Mais j’aimais son profil de jeune fille.
Son frère m’avait confié qu’elle avait à peine quinze ans.
J’en avais trente-deux, comme Philippe II.
Et elle était sans doute huguenote. Mais, au moment où je m’avançais vers elle, je l’avais complètement oublié.
Je me suis assis à ses pieds. J’ai levé les yeux vers elle.
— Le roi va entrer en lice, m’a-t-elle dit sans me regarder.
Sa voix m’a paru enrouée par l’émotion.
J’ai entendu le battement sourd des sabots des chevaux se précipitant l’un contre l’autre.
Je n’avais d’yeux que pour le visage d’Anne de Buisson. Elle se mordillait les lèvres, les joues tout à coup creusées.
Il y eut un choc, des cris.
Anne de Buisson s’est levée, a écarté les bras, puis s’est laissée tomber en avant. Je l’ai saisie et j’ai pensé que la saison des morts continuait, que je serrais contre moi un autre corps sans vie, comme l’avait été celui de mon père. Mais Anne était légère, pantelante.
Autour de nous, d’autres femmes s’étaient dressées, puis avaient chancelé, évanouies.
J’ai vu le roi vaciller, son cheval heurtant la lice.
On se précipita. On retira son casque, et le sang jaillit.
Un morceau de lance, comme un épieu acéré, lui avait percé le front au-dessus du sourcil droit ; une autre partie de la lance brisée lui avait crevé l’œil gauche.

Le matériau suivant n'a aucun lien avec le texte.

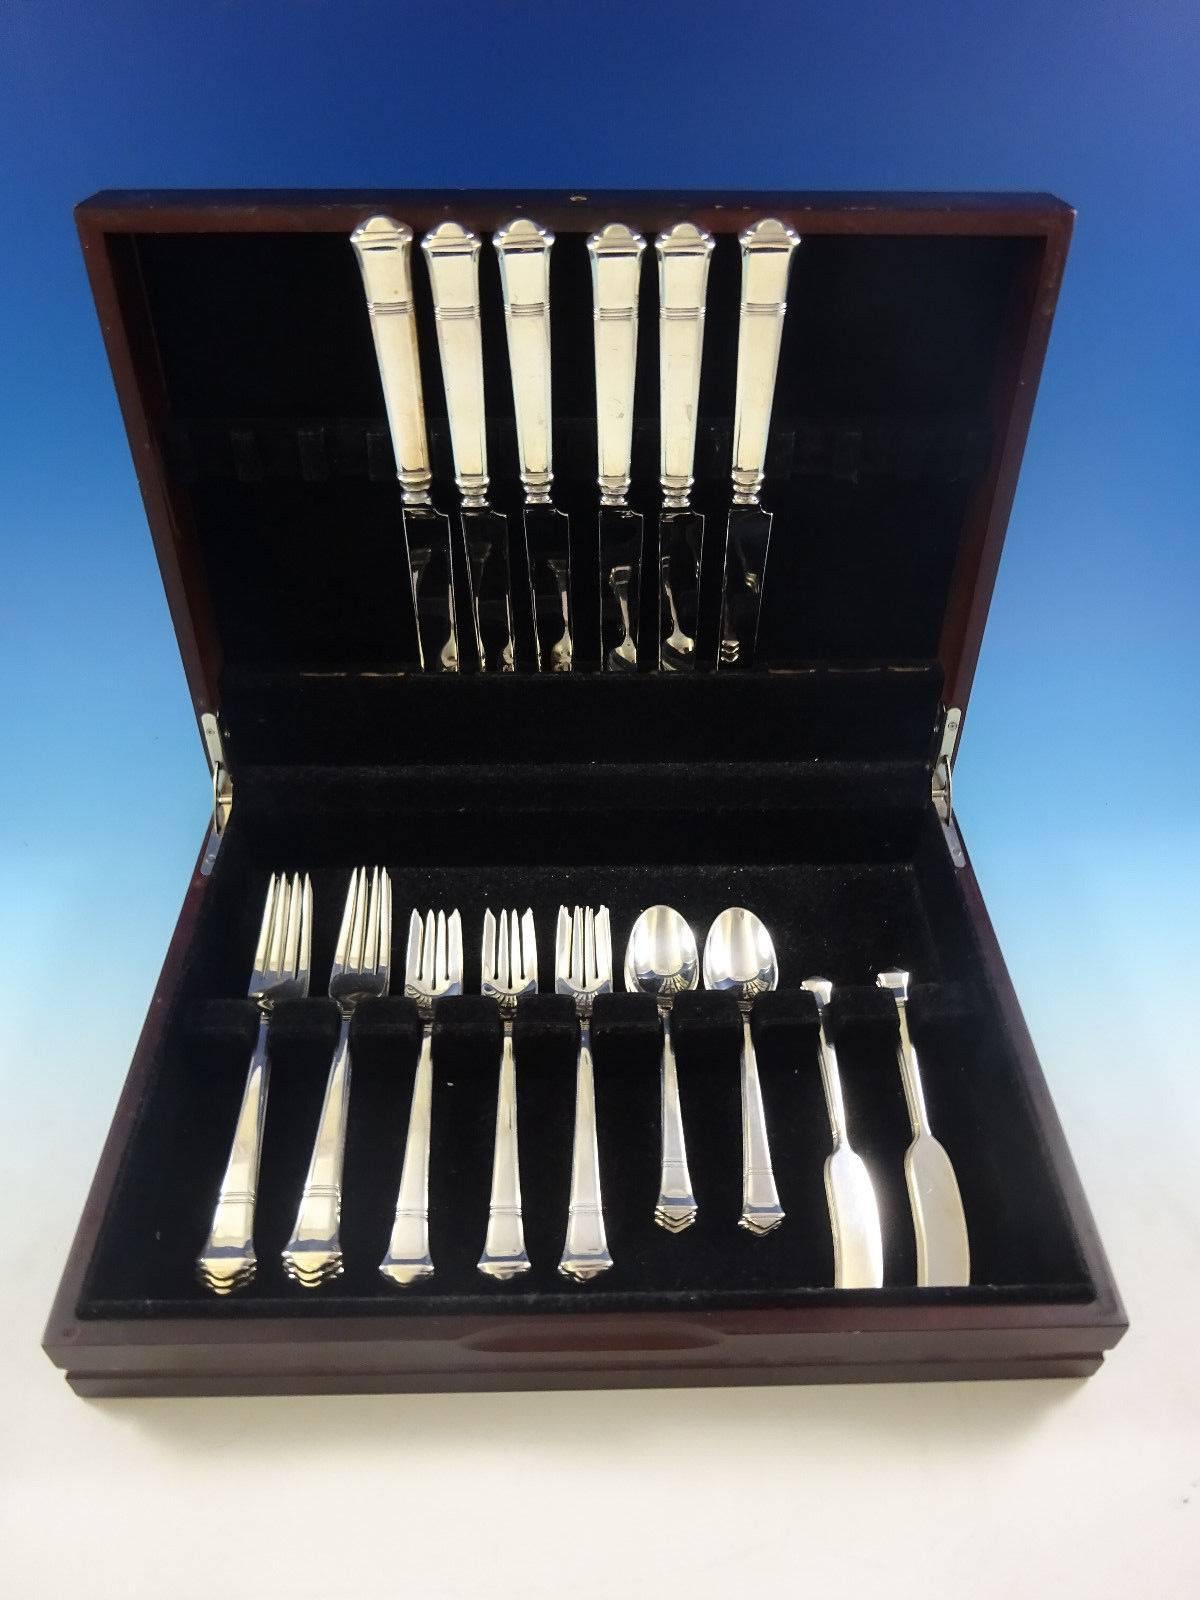 Dinner size Windham by Tiffany & Co. sterling silver flatware set of 30 pieces. This set includes: Six dinner size knives, 10 1/2

Avec grande souffrance pour le roi, j’ai su qu’on avait extrait cinq éclats de sa tête.
Les chirurgiens – Philippe II avait envoyé de Bruxelles son médecin personnel, André Vesale, et Ambroise Paré avait été appelé au chevet de Henri II – avaient fait décapiter plusieurs condamnés pour tenter de comprendre, en ouvrant leurs têtes, comment ils pourraient soigner le blessé royal.
Mais le monarque mourut.
Et moi je conduisis Anne de Buisson jusqu’à l’hôtel de Ponthieu où les gentilshommes huguenots parlaient de crime espagnol ou bien de châtiment de Dieu.
Comment aurais-je pu croire à la paix ?
J’ai quitté Paris pour l’Espagne en emportant le souvenir d’Anne, cette jeune fille aux tresses blondes, en robe bleu ciel.